Texas water policy ups and downs

After rains forestalled the Lower Colorado River Authority’s request to cut off in-flows to Matagorda Bay in October, a second victory for Texas water came in November when DU-supported ballot initiative Proposition 6 passed by a large voter margin.

Prop 6 will provide $2 billion in one-time funding for Texas Water Plan projects from the state’s Rainy Day Fund. DU believes Prop 6 is a strong start for a long-term remedy to water shortages in Texas, and the successful vote will implement HB 4 (the water bill supported by DU), providing $2 billion in rotating bond funding for water, of which 20 percent must go to water conservation funding and 10 percent to funding rural and agricultural water conservation projects, both of which are important to Texas waterfowl.

Unfortunately, water for waterfowl, wildlife and agriculture took another blow when the LCRA board voted November 19 to raise the cutoff trigger to 1.1 million acre-feet of water in lakes Travis and Buchanan by March 1 before releasing water for rice.

Previous emergency orders have put the trigger at 850,000 acre-feet. While this trigger ensures virtually no water will be available for rice agriculture next year, watering lawns is still permitted on a weekly basis.

After two years of emergency orders providing very little irrigation or supplemental water for rice and other wetland habitats, this may be the final blow to an ailing industry and the waterfowl that depend on it for habitat.

“Unless there is a dramatic change in the next farm bill, which Congress has yet to pass, no disaster assistance will be available next year.
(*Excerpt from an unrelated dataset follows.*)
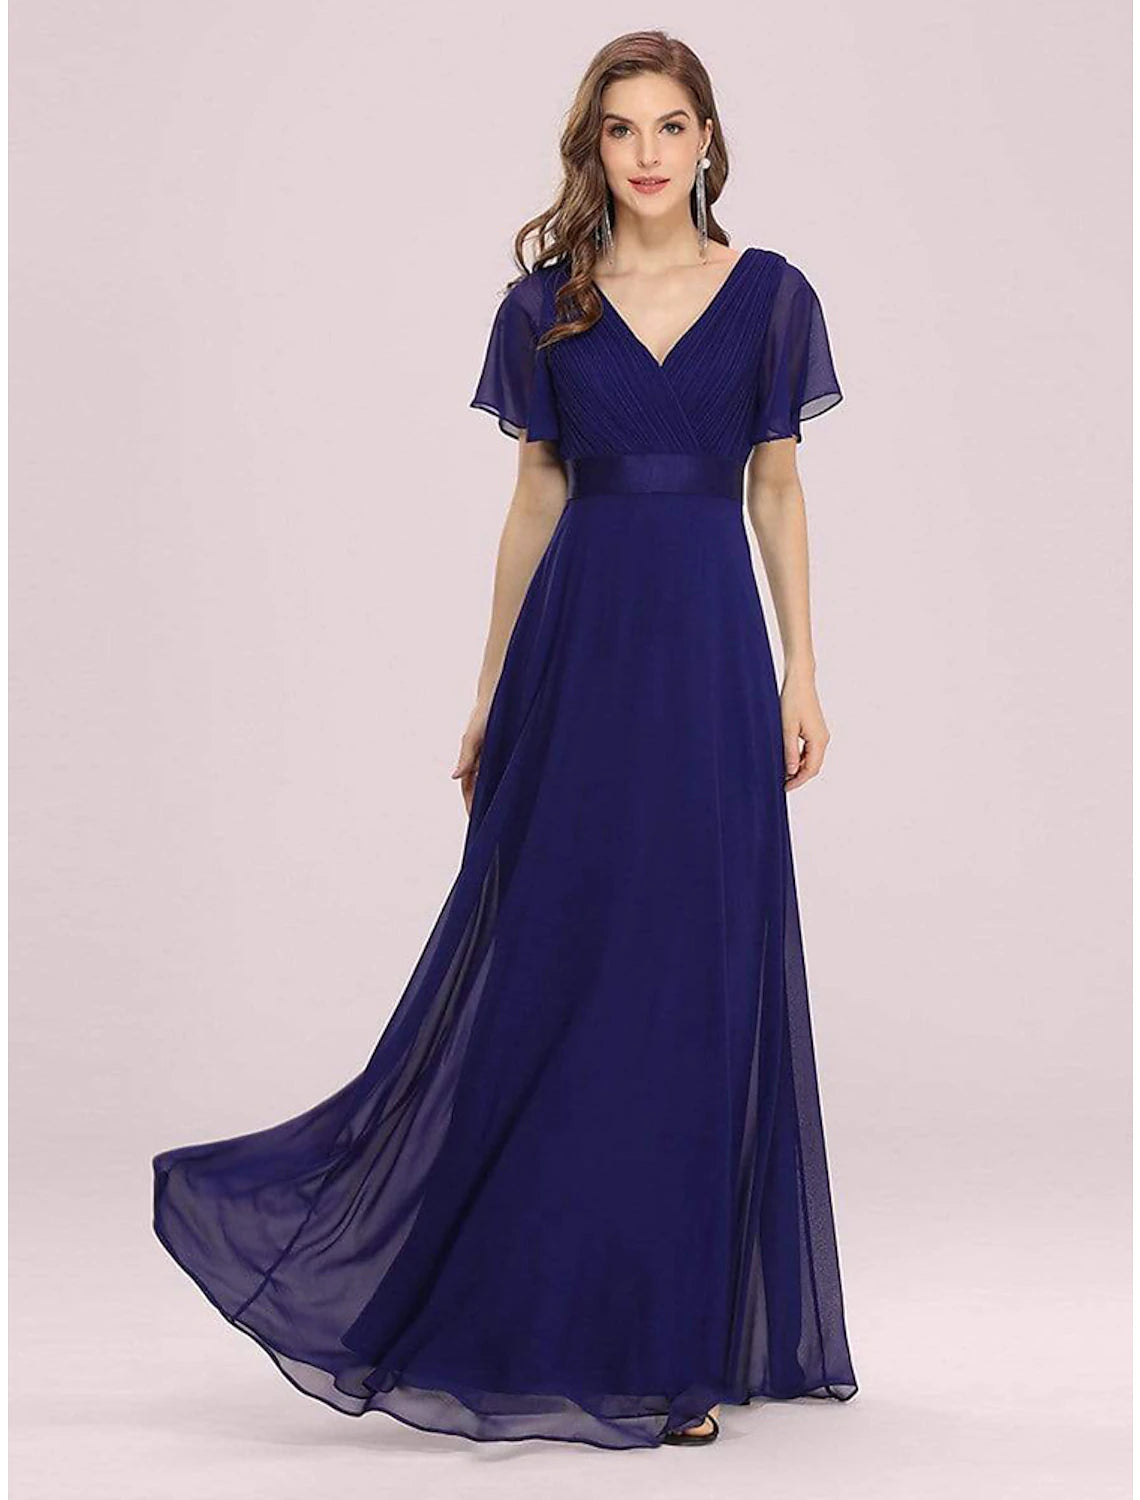 A-Line Evening Gown Empire Dress Wedding Guest Formal Evening Floor Le ...

A third year without water for rice will be devastating to the $374-million rice industry in the lower basin, and that will ripple across our regional economy,” DU Conservation Outreach Biologist Kirby Brown says.

DU expects the Texas Commission on Environmental Quality (TCEQ) to review the LCRA proposal and to seriously consider other feasible alternatives with less impact to agricultural users. The proposal requires Austin and other municipal customers to restrict some non-essential water uses for the first time, a move DU and others feel is far too long in coming. DU will continue to work for science-based compromises to ensure some water is ultimately available for waterfowl, wetland wildlife and the rice industry, which provides significant wetland habitat.